In this message we will continue to fellowship concerning the home meetings. I am burdened that we would all have a proper understanding of what we mean by the term “the home meetings.” When we say “the home meetings,” we are referring to our meetings with the newly baptized ones in their own homes. When we baptize new believers, we should immediately begin to visit them in their homes to have meetings with them. This is what we call the home meetings.
By reading church history and biographies, we can see that a number of outstanding believers were saved in homes. For instance, when George Muller was about twenty, he was brought to the home of a Christian brother to attend a small meeting. Although he was not a religious or ethical person, through that meeting he was deeply touched by the Lord and was saved. Eventually, he became one of the outstanding believers of the past century.
There are many examples in history of unbelievers having good salvation experiences in the saints’ homes. However, when we speak of the home meetings in the context of the new way, the God-ordained way, we are not referring to this kind of meeting in the homes of the saints. We are referring specifically to having home meetings with the newly saved and baptized ones in their own homes. Sometimes we confuse the home meetings with the small group meetings. The home meeting is a meeting with the newly baptized ones in their homes. Occasionally, some others may attend a home meeting, yet the intention is not to have a group meeting, but only to meet with that family in their home because they have recently been saved.
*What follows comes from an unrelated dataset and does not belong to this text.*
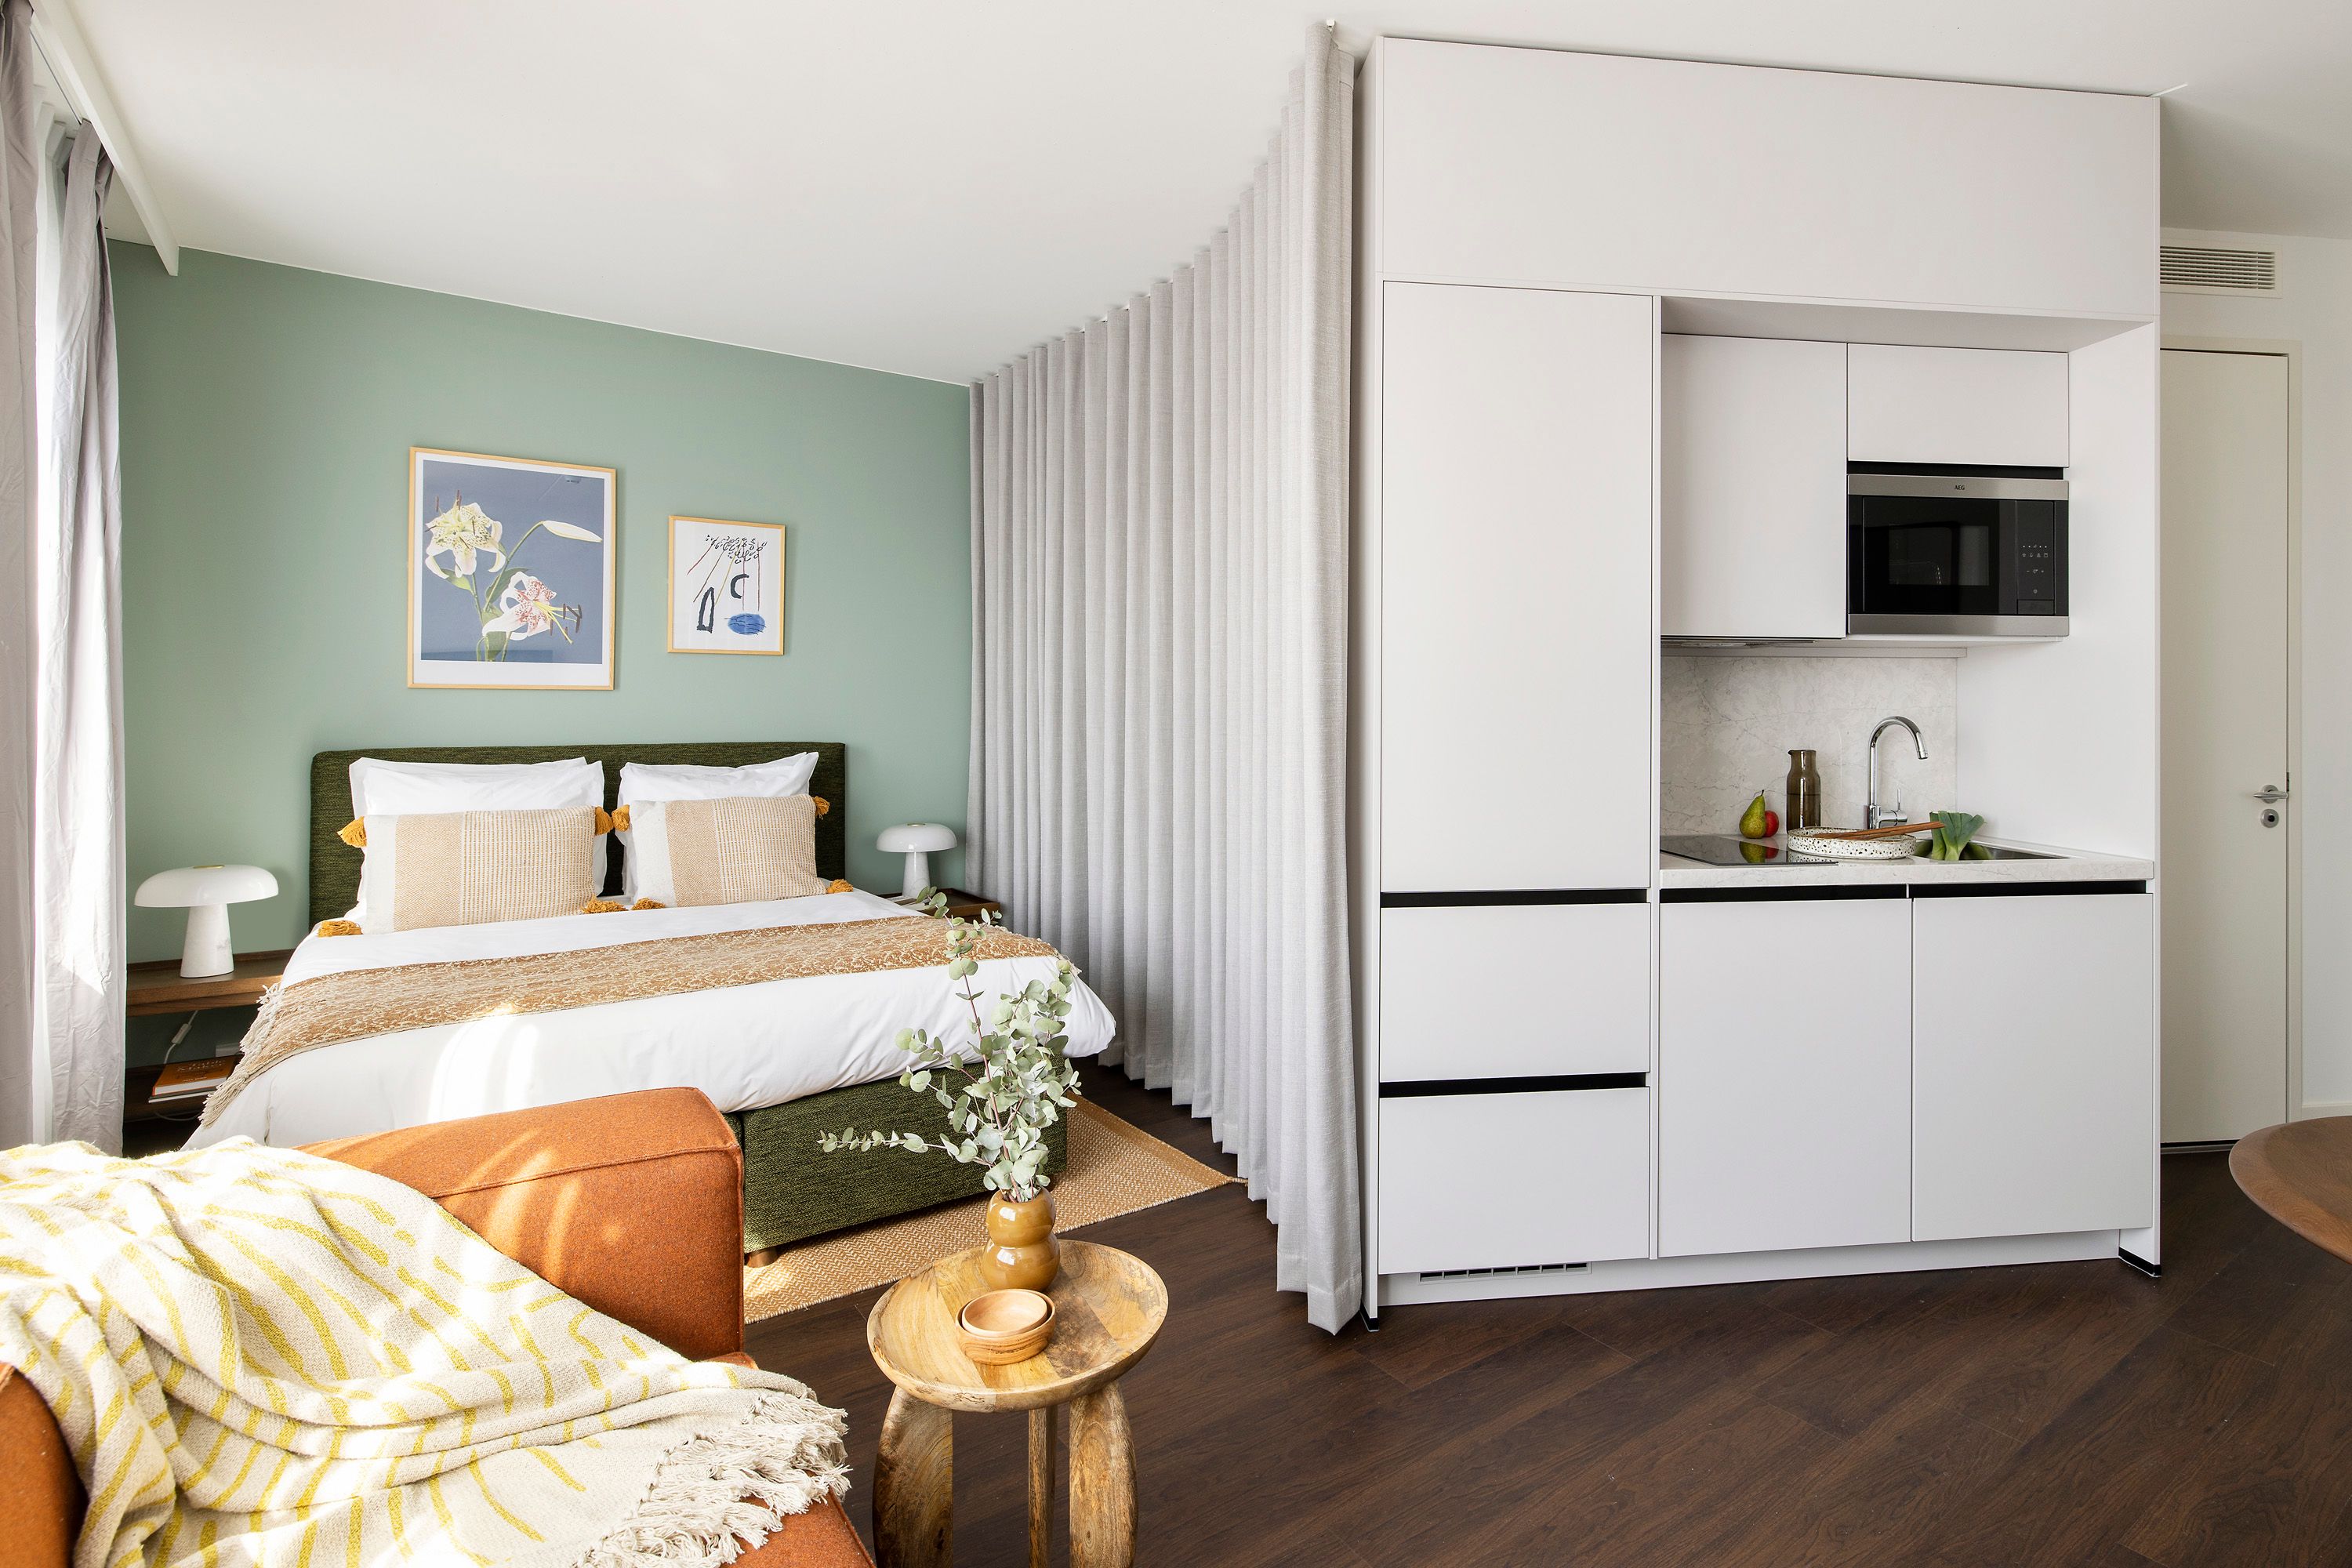 New serviced apartment brand, Cove, opens first Dutch property with the launch of ‘Cove – Centrum’ in the center of The Hague

The small group meetings are different from the home meetings. After we have helped a number of new ones in their homes for several months, we should gather them together to form a group meeting. We may consider the home meeting as a kind of spiritual kindergarten and the small group meeting as the elementary, junior high, and even high school. To understand the home meetings and the small group meetings in this way will be very helpful in the future because we will share more messages concerning these two kinds of meetings.
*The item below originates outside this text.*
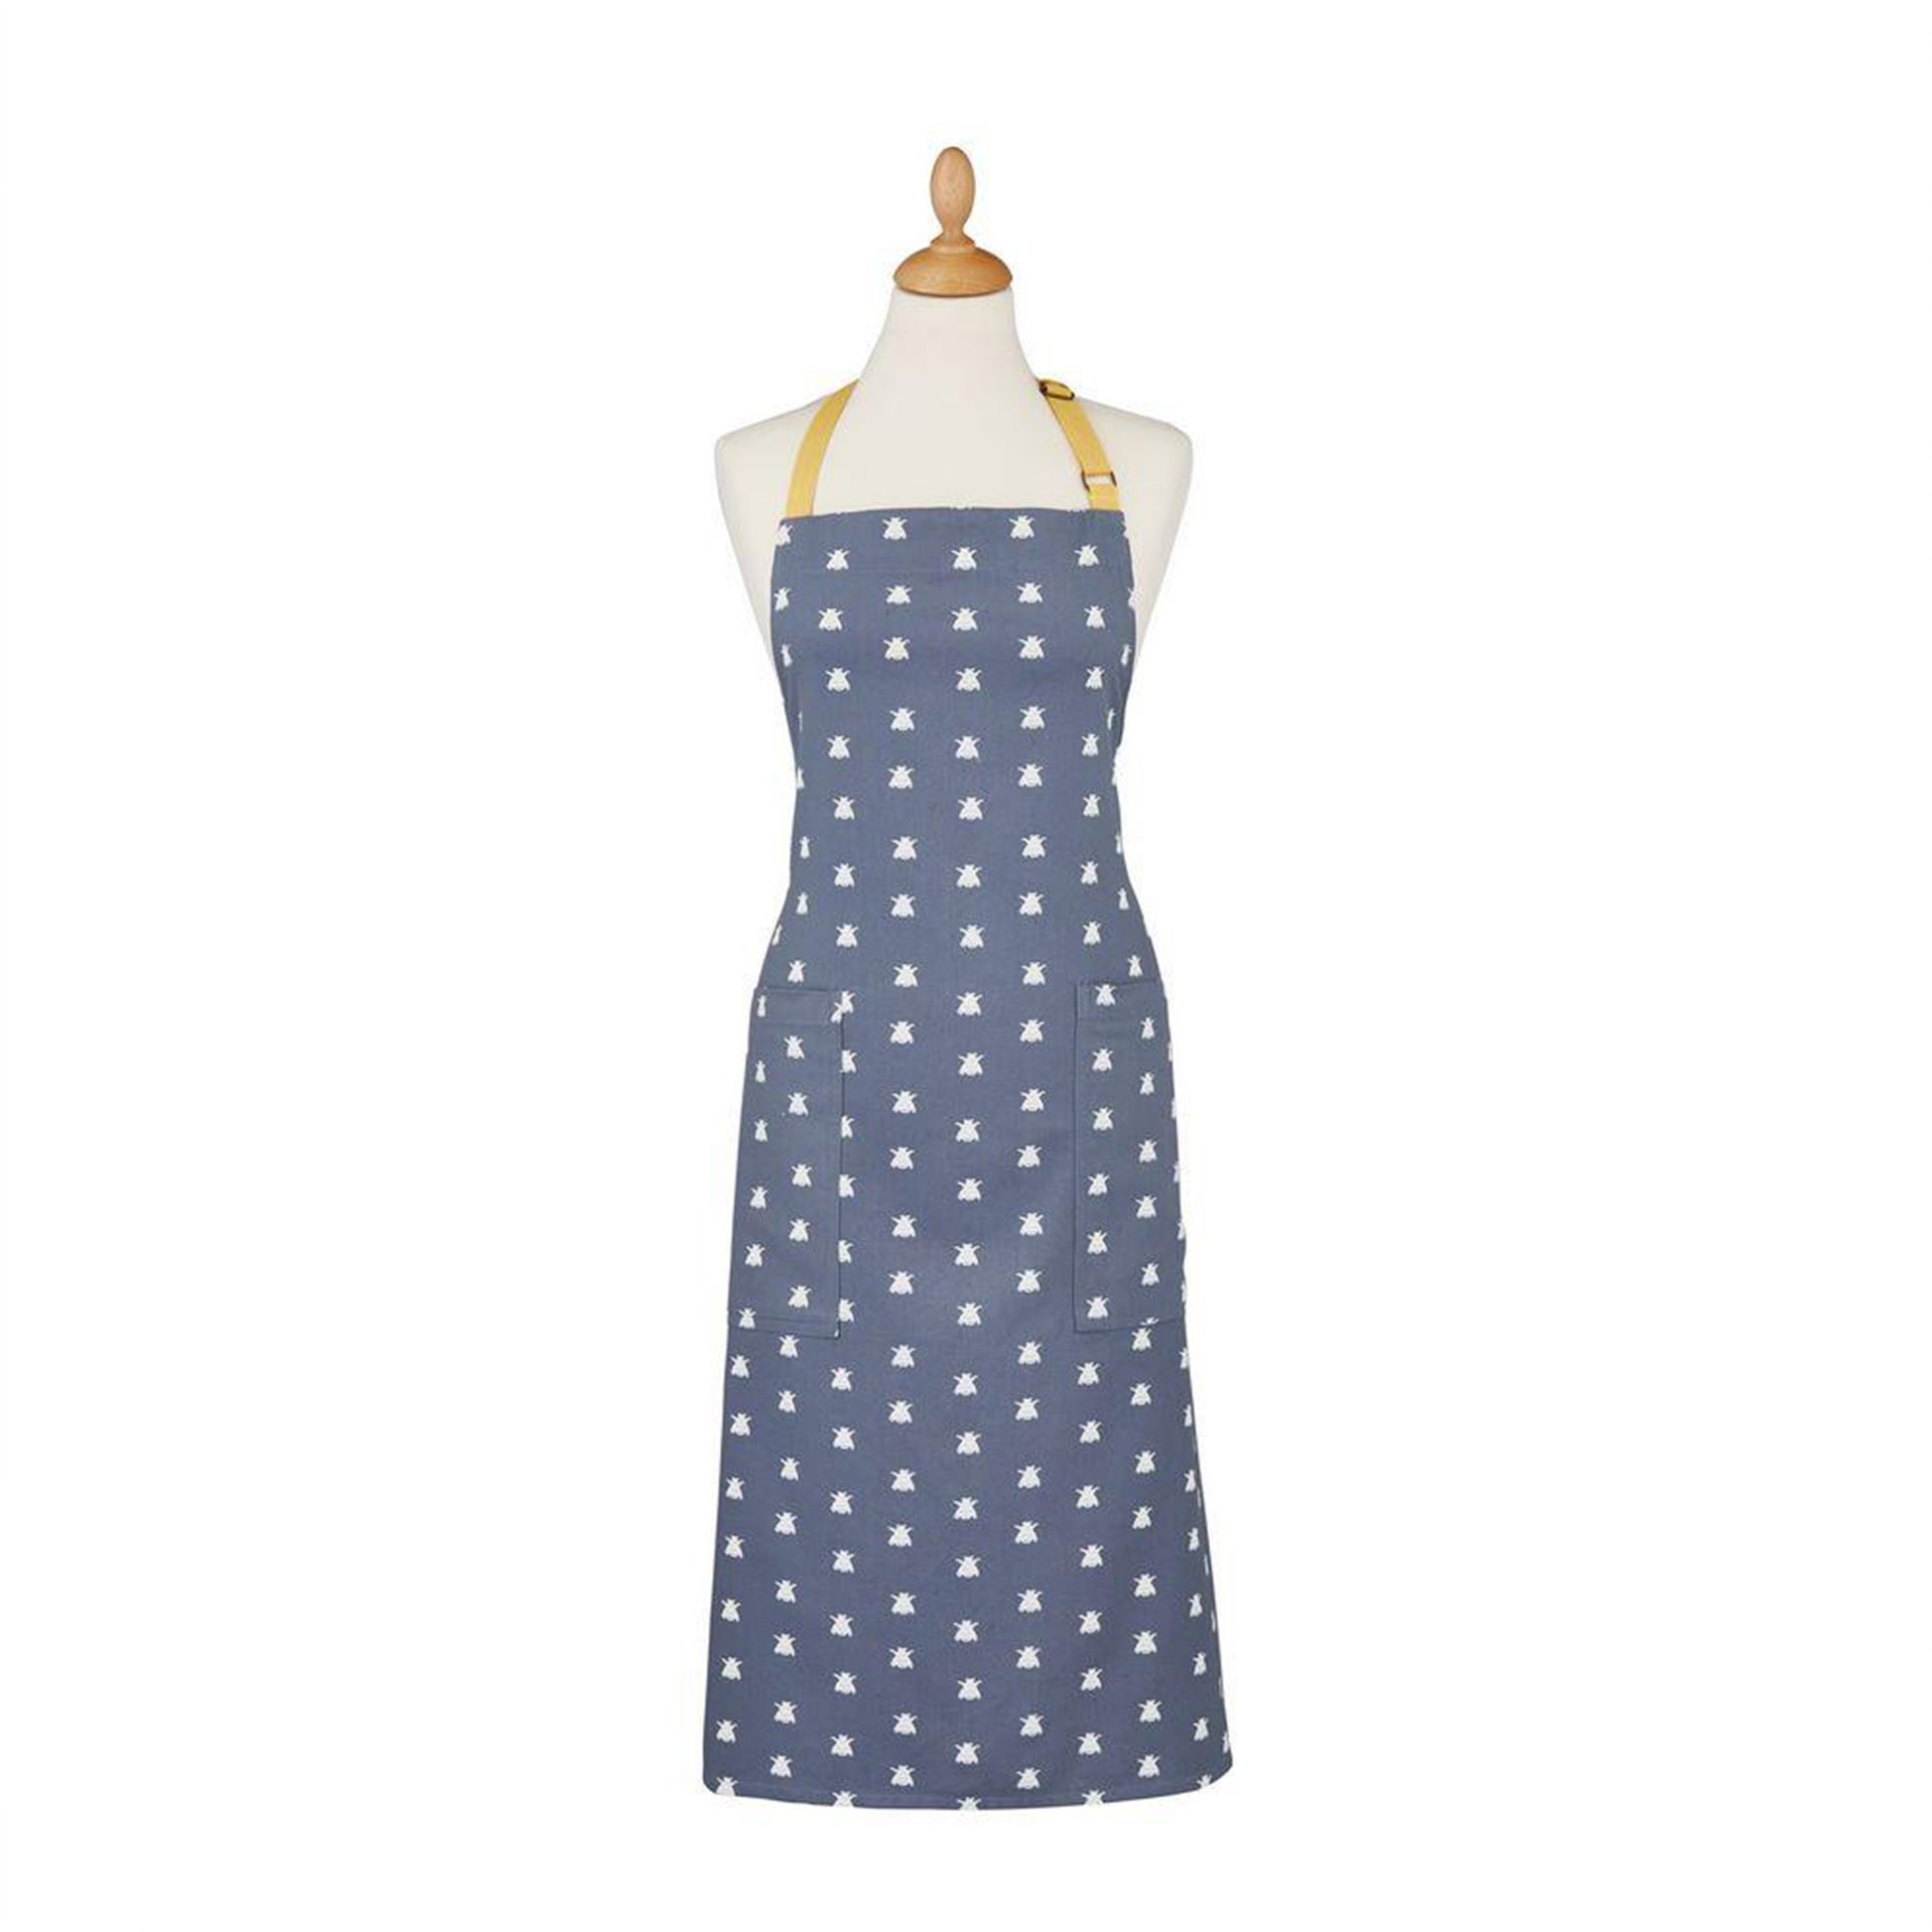 a cotton apron with two front pockets, a blue and white bee pattern and yellow straps

The title of this message-feeding the newborn babes with baby food-may seem somewhat childish, but it is based upon much experience. We must realize that it is not easy to carry out the home meetings. After we have baptized some new ones, we must go back to meet with them within one or two days. The first requirement for us to have a proper home meeting with these newly baptized ones is that regardless of how old they are in the physical life, how high a position they may hold, or how high an education they may have received, we have to consider them as babes.
If you bring an older man to the Lord and baptize him, you must go back in a few days to meet with him. If he is over seventy years old and well-educated, yet you are only twenty-nine, you may feel uncomfortable in dealing with him. You should respect his age because this is the proper humanity, but you must realize that because he has been saved for only a few days, he is very young in the Lord. Your purpose in meeting with him should be to feed him, not to teach him. You must have the realization that he is a newborn babe and feed him with baby food.
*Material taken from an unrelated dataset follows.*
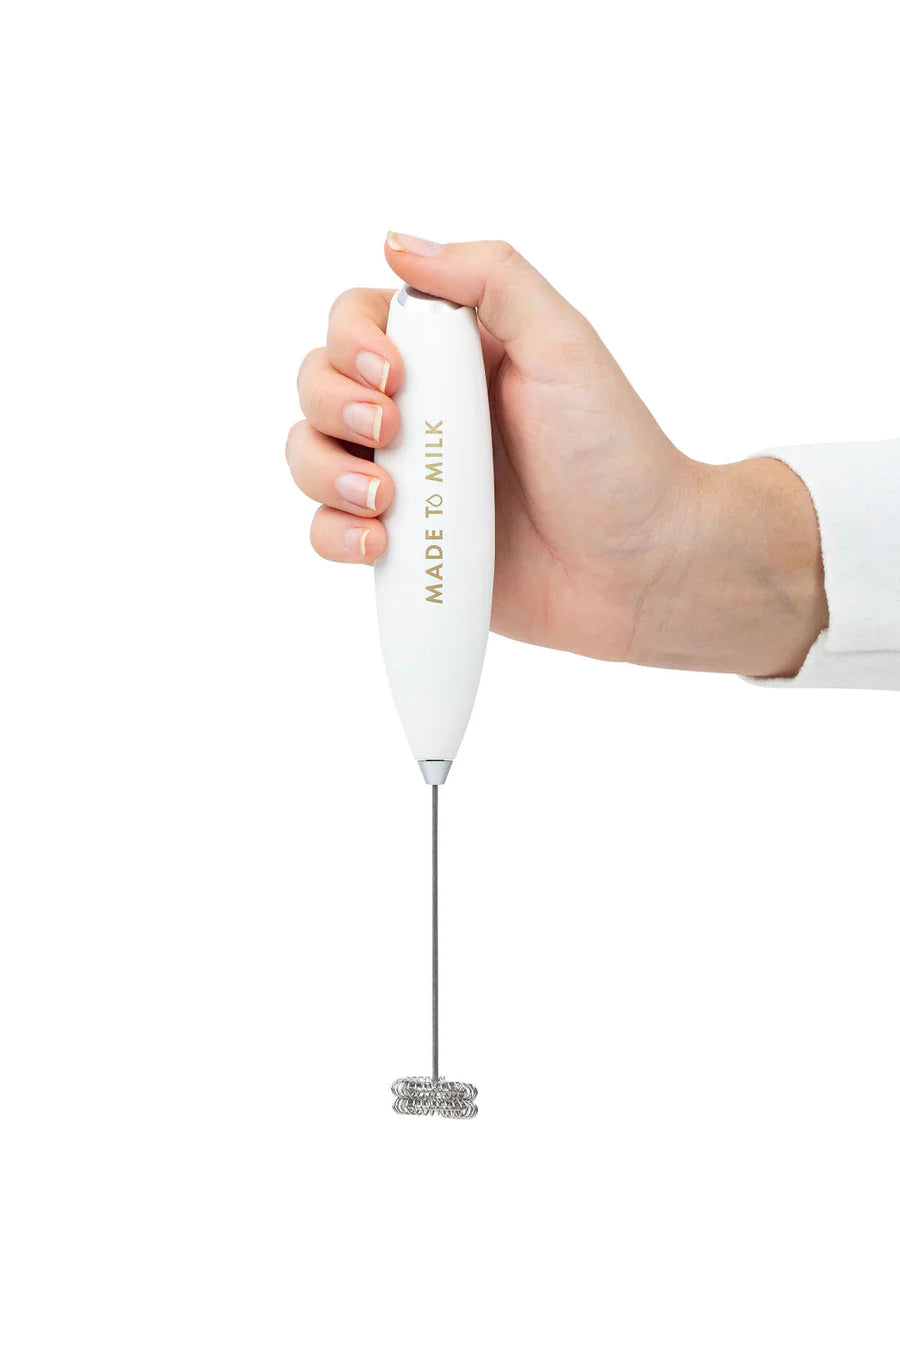 Handheld Milk Frother + Whisk

You must consider whatever he might say to you as babyish talk. He may be a retired college professor and talk to you about science or computers, but you should not forget that he is a babe in Christ. This does not mean that you should despise him. You still have to respect him, but within, you must realize that he is a babe. You should not be carried away by his talking because, spiritually speaking, he is a babe and knows nearly nothing about the Lord.
You must try to treat these newly baptized ones as nursing mothers treat their babes. This is one of the secrets of how to practice the God-ordained way, but it is a hard lesson to learn. You must learn to always have a subjective realization concerning every new believer, considering that they are babes. If you teach kindergarten, you realize that these students are little children, and you treat them accordingly. If you teach graduate school, you realize that these students are all college graduates. To treat them like little children would be wrong. You must have a proper psychological understanding.
The primary point, the prerequisite, is that you consider a newly baptized one as a babe in Christ. A new one may ask, “What is the Bible?” This may not sound like a babyish question, but you must answer as you would answer a baby; you must have this kind of concept. You must say the right words, and your attitude and tone must also be right. A new one may ask many questions, yet you must always have the concept that you are dealing with a babe in Christ. If you can learn this secret, you will be welcomed by every new one. They would like to hear your talk. In this way you can open the way to feed them. Sometimes after a meeting, I went over to see how the saints were talking to the newcomers. Many times the saints’ expression and tone were wrong in talking with these ones. You must speak something that will help a new one to open to you. He will open by saying something. Right away, you may realize that he has been newly saved. Then you have to talk to him by considering him as a babe. If you have learned this secret, after only two or three sentences, you will be warmly welcomed by him. He will open himself up to you, listen to you, and take your word. He will become very interested in whatever you say.